Postfeminism and Body Image - looking beautiful while making a nice smoothie

Friday 18 November 2022

Professor Sarah Riley is the co-author of newly published book that explores the intersection of postfeminism and health studies.

Professor Sarah Riley.

Last updated: Friday 18 November 2022

Professor Sarah Riley, co-author of newly published Postfeminism and Body Image, says fifteen years ago she didn't know if she had a thigh gap or not because she didn't have those words in her vocabulary.

“Now I do know. I can tell myself it doesn’t matter, although of course now it does. Because now I know it matters.”

Professor Riley, Director of Massey’s Critical Health Psychology programme, is referring to the social media-driven notion of the desirability of a thigh gap that exploded into women’s consciousness around 2012.

Look up 'thigh gap' on Google today and you come up with over 37 million results. They include YouTube offerings like 'Thigh Gap in 7 DAYS!', attracting comments such as "Giving this a try! My thighs are my biggest insecurity and I desperately want a thigh gap."

The extreme methods some women resort to in pursuit of the ideal thigh gap illustrates the postfeminism idea that women empower themselves by working on their appearance. Professor Riley says if feminism was about the advocacy of equal rights for women, postfeminism sees empowerment through a set of ideas about ideal femininity.

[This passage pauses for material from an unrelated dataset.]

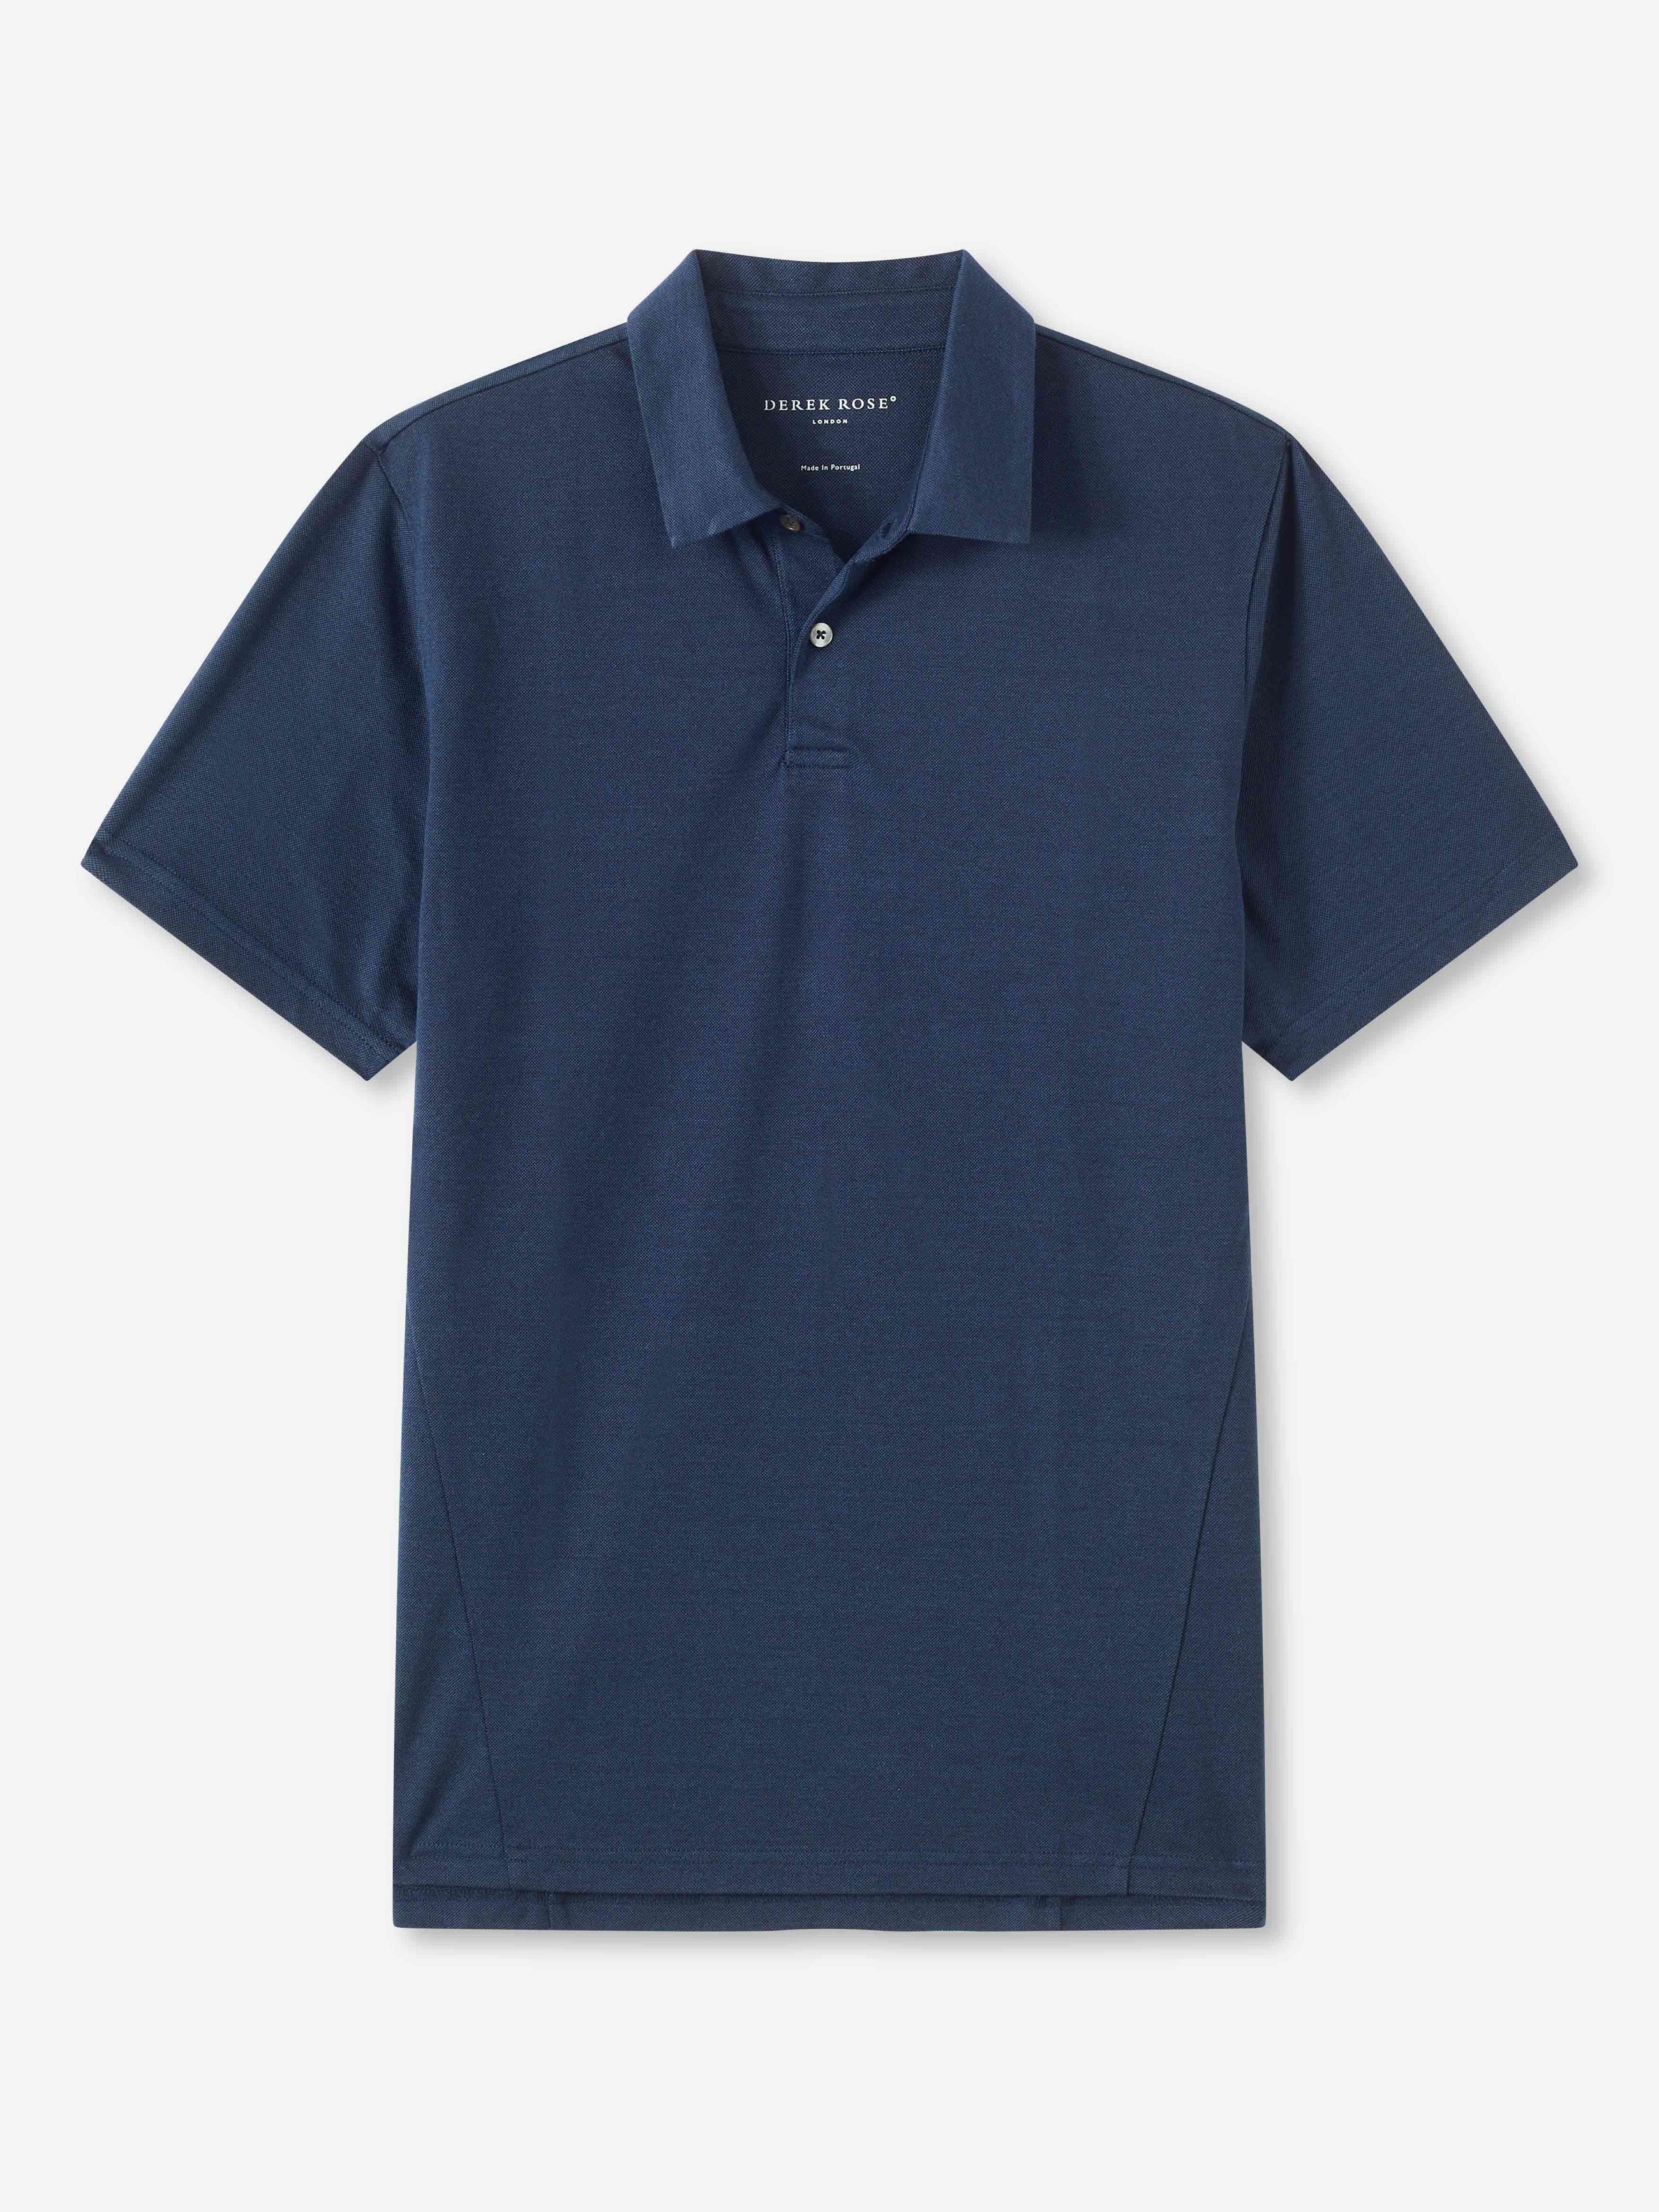 Men's Polo Shirt Ramsay 2 Pique Cotton Tencel Navy
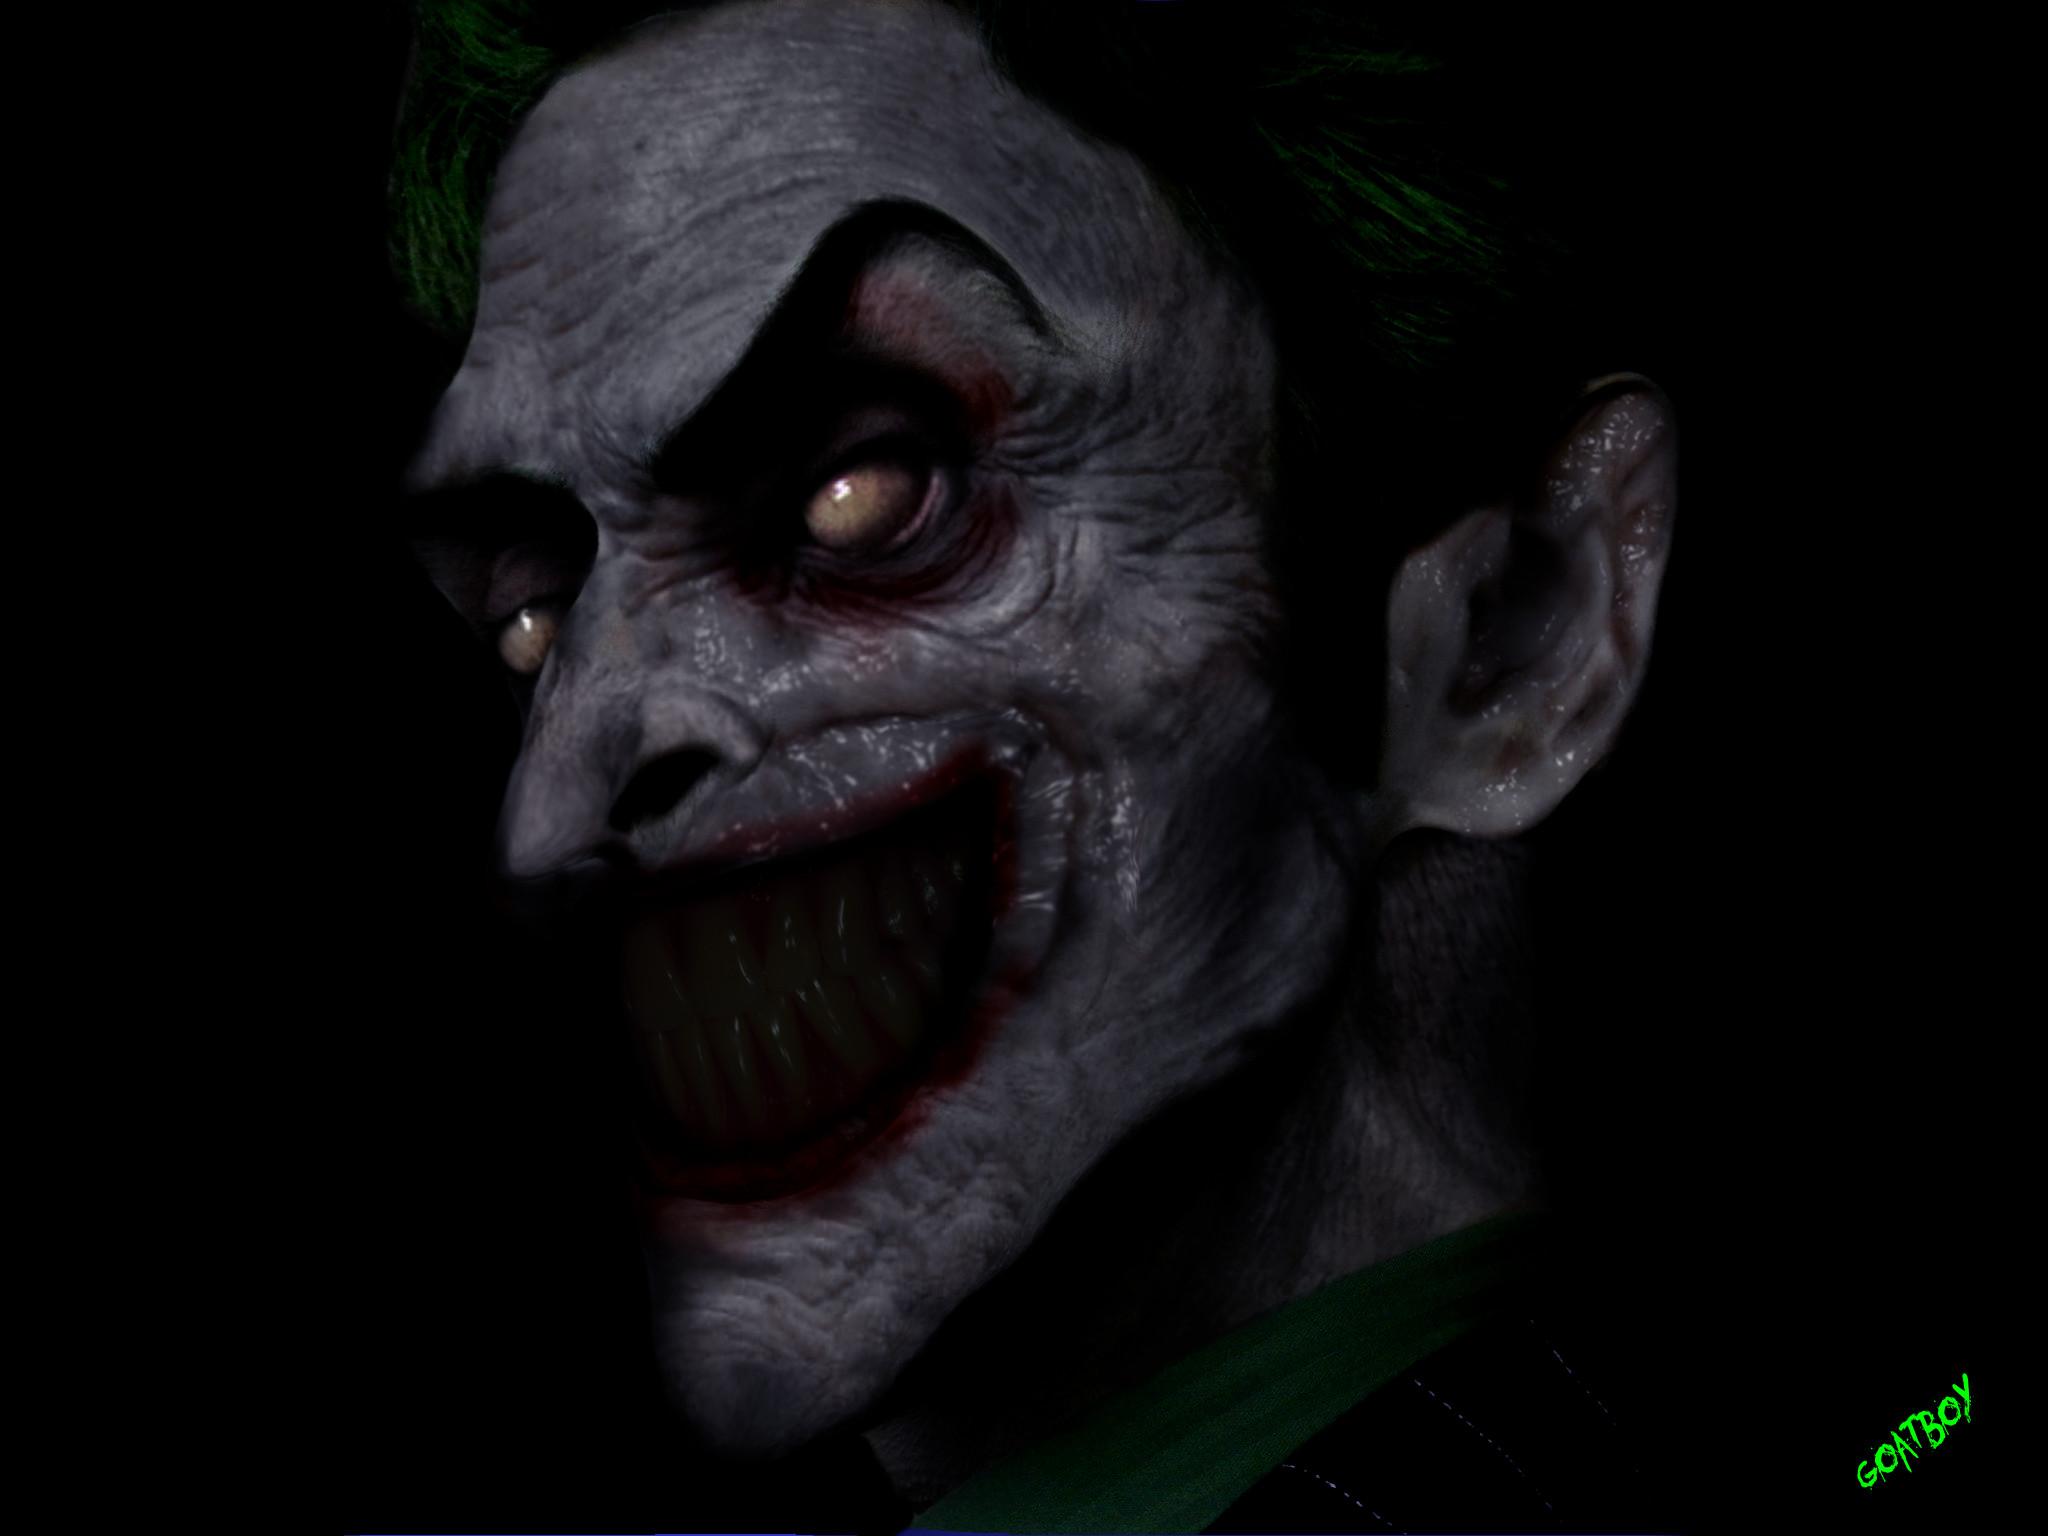 Joker Evil Smile Wallpapers - Wallpaper Cave

“This idea can influence all areas of women’s lives, their sexual identities, as a mother and their working lives, in relation to how they think about health and personal appearance. On the one hand it’s very attractive because it offers us the promise that we can be whoever we want to be, as long as we want it enough to work on ourselves. On the other hand it ‘smuggles in’ a lot of harm.”

Professor Riley says the postfeminism set of ideas was driven by the media in the 80s and then the 90s, when the Spice Girls were dominating the global charts.

“It was all about female power, using the language of feminism, celebrating women’s sexuality. It all looked new and exciting, but there was this element of hiding traditional gender roles in new packaging. After feminists criticised the culture that requires women to dress up to look nice for men, we now have postfeminism saying that women should dress up to look nice for themselves. You work on your body and yourself as a choice because its empowering.”

Professor Riley says this argument is used to sell incredible amounts of product.

“There’s a lot of pressure to look a particular way. The amount of product, the amount of skill, the amount of work women need to make up a normal face is incredible but it’s ‘their choice’ and empowering.”

The resources required to ‘work on yourself’ range from make-up kits to pricy gym memberships and even kitchen blenders for creating ‘health’ foods for a better body.

“The concern is that it’s hard to complain because it’s your ‘choice’, even if, in our culture, if you don’t do it you can be punished for it."

So while postfeminism appears to offer really desirable ideas about femininity, Professor Riley says there’s always ‘a bit of a sting in the tail’. Her research looks at how the pursuit of ideal femininity can undermine women and make them vulnerable.

“There’s always more you can do. It’s constant work on yourself. You can’t just relax. It’s all about optimal living in a very pressured way. Often we’re being asked to do two contradictory things at once. You’ve got to be there for your baby all the time, but at the same time be there for yourself. Or love your body, but at the same time work on it to change it.

“This sets us up to fail. And to understand that the failure is our fault.”

Professor Riley and her co-authors Dr Adrienne Evans and Dr Martine Robson spent time on the internet looking at make-up tutorials and health influencers as part of the research for Postfeminism and Body Image.

The newly-published book.

“We looked at this idea of loving your body. Women have to have a positive body image. If they don’t then somehow they’ve failed. Now you’ve got a body you don’t like, and a mind you don’t like and both of them are your fault," Professor Riley says.

She says these days telling women to diet is seen as suggesting their bodies aren’t good enough, but telling them to eat healthily – or ‘healthy’ as the media would have it – amounts to much the same thing.

“The promise is about looking good and living a good life, but our concern is that it focuses back on appearances, because when you look at those influencers they’re not just making a nice smoothie, they’re looking beautiful when they’re making a nice smoothie and they’ve got a beautiful home behind them.”

Professor Riley says complex issues rarely have simple solutions, but the book offers some useful tips such as using your emotions as a barometer. If the social media you follow makes you feel good, keep following it, but if it makes you feel bad, give yourself a break.

It’s also really useful to know that ideas of ideal femininity are contradictory, so however hard we try it’s impossible to get it right.

“We can experience our bodies in ways that are less judgemental,” Professor Riley says.

Postfeminism and Body Image follows an earlier book by Professor Riley and her co-authors, Postfeminism and Health, which won a 2021 British Psychology Society book award.